How's your summer going?
Karen Heller: City Council's excellent vacation
City Council, too.
In a case of harmonic convergence, Philadelphia School District students finished work Thursday, the very same day as did the Sage 17 of City Hall's fourth floor.
City Council is a legislative body that ceases to legislate for three full months. Council members earn a base salary of $102,000 - enviable pay for most of us - while legally allowed to work other jobs.
Which is where those three months come in handy.
"We've got to go to our farms in the country and pick vegetables," Bill Green says.
He jokes. Green's moonlighting job is as a corporate and securities lawyer at Pepper Hamilton.
Council's summer of light lifting follows swiftly on the suntan lotion of Memorial Day Week.
We get a Monday, council takes a week.
It's subsistence governing. Perhaps the three months afford Council time to travel back to the districts. By horse and buggy.
The seventh district's Maria Quiñones-Sánchez - like Green, a freshman - has no outside job. Her plans? "We're going to do a staff retreat. I'm going to spend time with my family. We've got a big litter initiative for my district. And I'm going to take a vacation."
Is the heat too much for Council's sensitive constitution? The mayor continues to mayor. The courts continue to convene. You, perhaps, continue to labor.
Council members insist they keep very, very busy in the summer, penning future legislation and providing constituent service, doing grip-and-grins at barbecues.
Guess what? People who work hard never need to defend themselves. You know, people who work 12 hard months, instead of nine.
As for why the seasonal windfall, inquiries to multiple hall officials yielded a unanimous answer: "Tradition."
You can almost hear Tevye fiddling through the corridors.
Members of the U.S. House of Representatives take off one month. They are paid $169,000 annually, represent more constituents (almost 700,000, half Philadelphia's entire population), maintain two residences, often travel substantial distances between their districts and the Capitol, and work assiduously to be reelected every two years.
By comparison, Council incumbency is nearly papal in its security. Members die in office. People with IQs no higher than toasters cakewalk through elections in perpetuity, all the while able to collect multiple incomes and pensions while slogging through three months of no legislation.
The only time a member gets ejected by a somnolent citizenry is when he or she does something truly heinous. Like driving without a license for 25 years.
Philadelphia is such an oasis of promise that any little boy can grow up to be a member of Council.

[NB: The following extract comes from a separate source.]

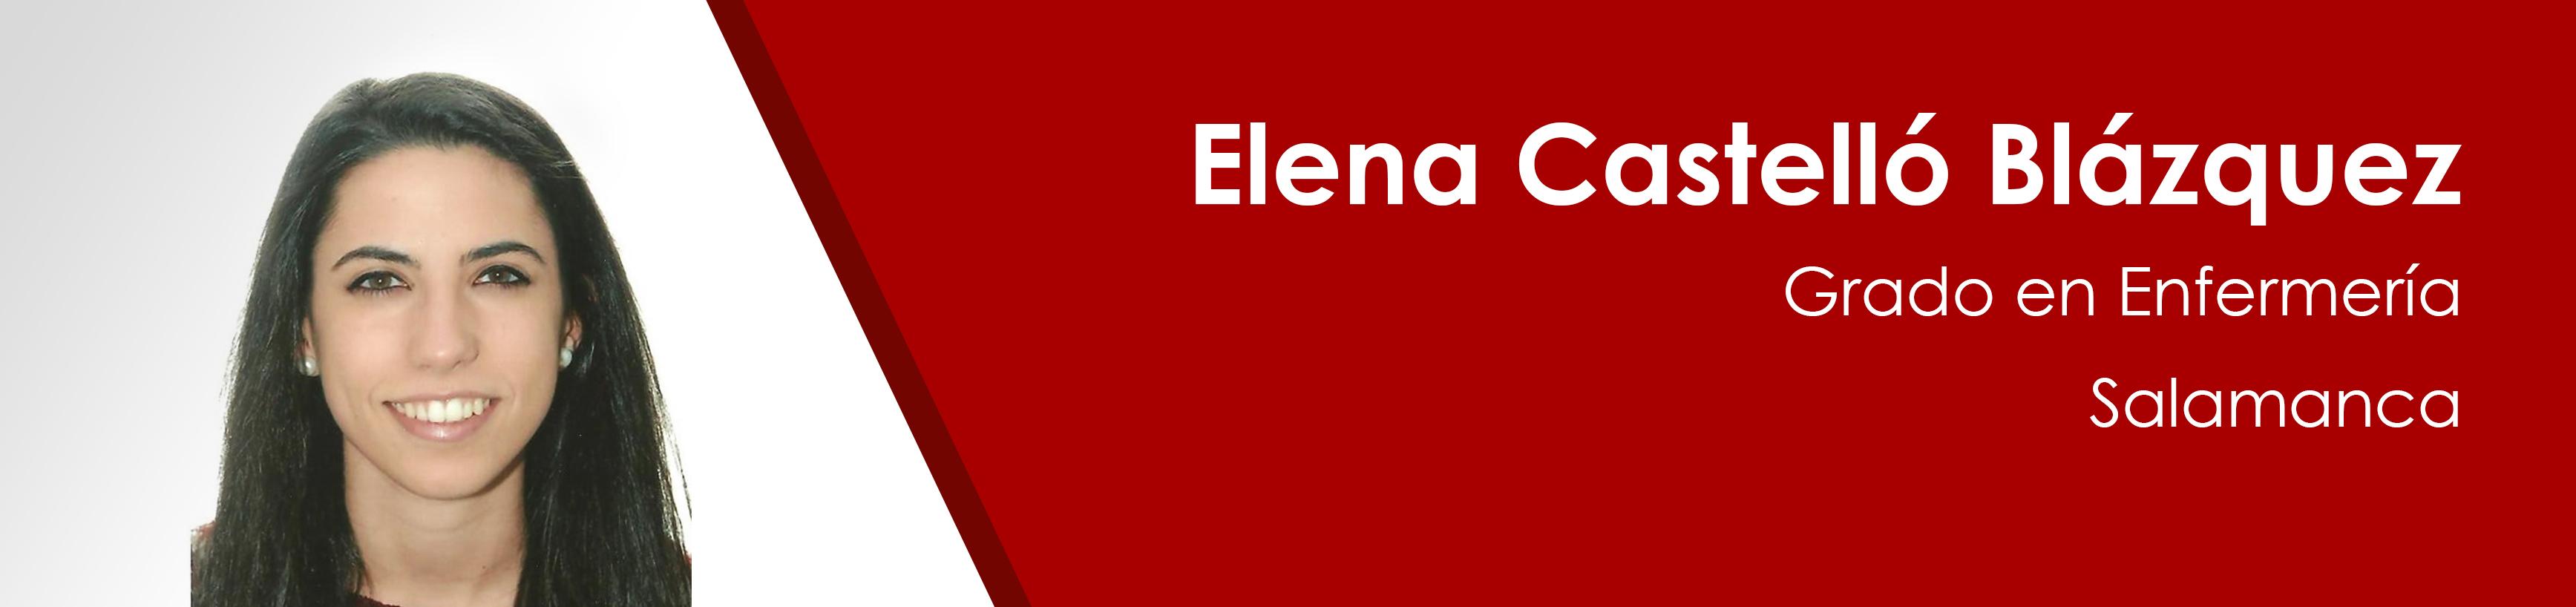 elena-castetllo-blazquez-destacada-ok
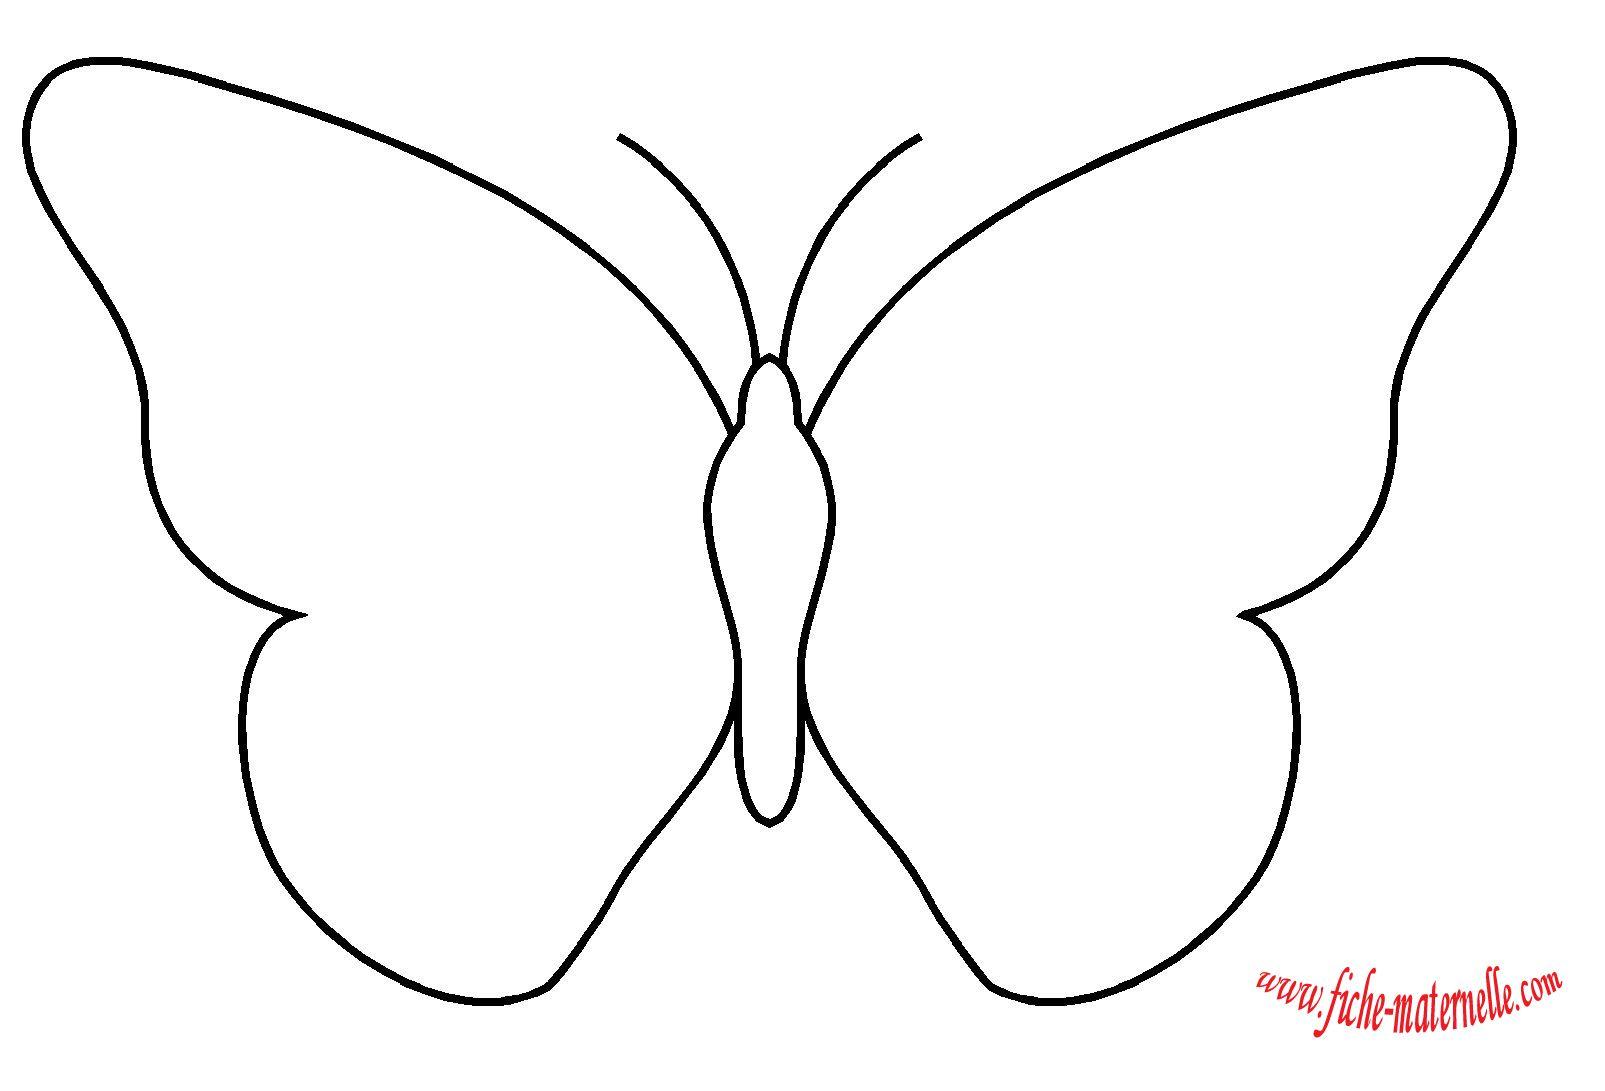 Tracer les silhouettes l interieur des figures cr ation dessin papillon facile dessin - Silhouette papillon imprimer ...

Provided Daddy was mayor first.
Three former mayors' progeny - Frank Rizzo, Bill Green and Wilson Goode Jr. - sit in council. It's our version of the Junior League.
As the old adage goes: Politicians, old buildings and prostitutes become respectable with age. This is a boon to politicians' children. Sharif Street's mistake was running for Council while Dad was in still office and not yet some romanticized version of an addled collective memory.
Where else can a guy like Frannie Rizzo, a former Peco lineman, rise to become a vaunted councilman?
Indeed, the money shot in his bio is that he has introduced "Ethics legislation regulating Lobbyists, banning Gifts, prohibiting Nepotism."
Prohibit nepotism? How would Council ever reach a quorum?
Some citizens might argue that City Council meets too often, and they may be right.
In that regard, perhaps the three months is simply a bit of paid insurance for the rest of us. Surf's up! Enjoy that summer!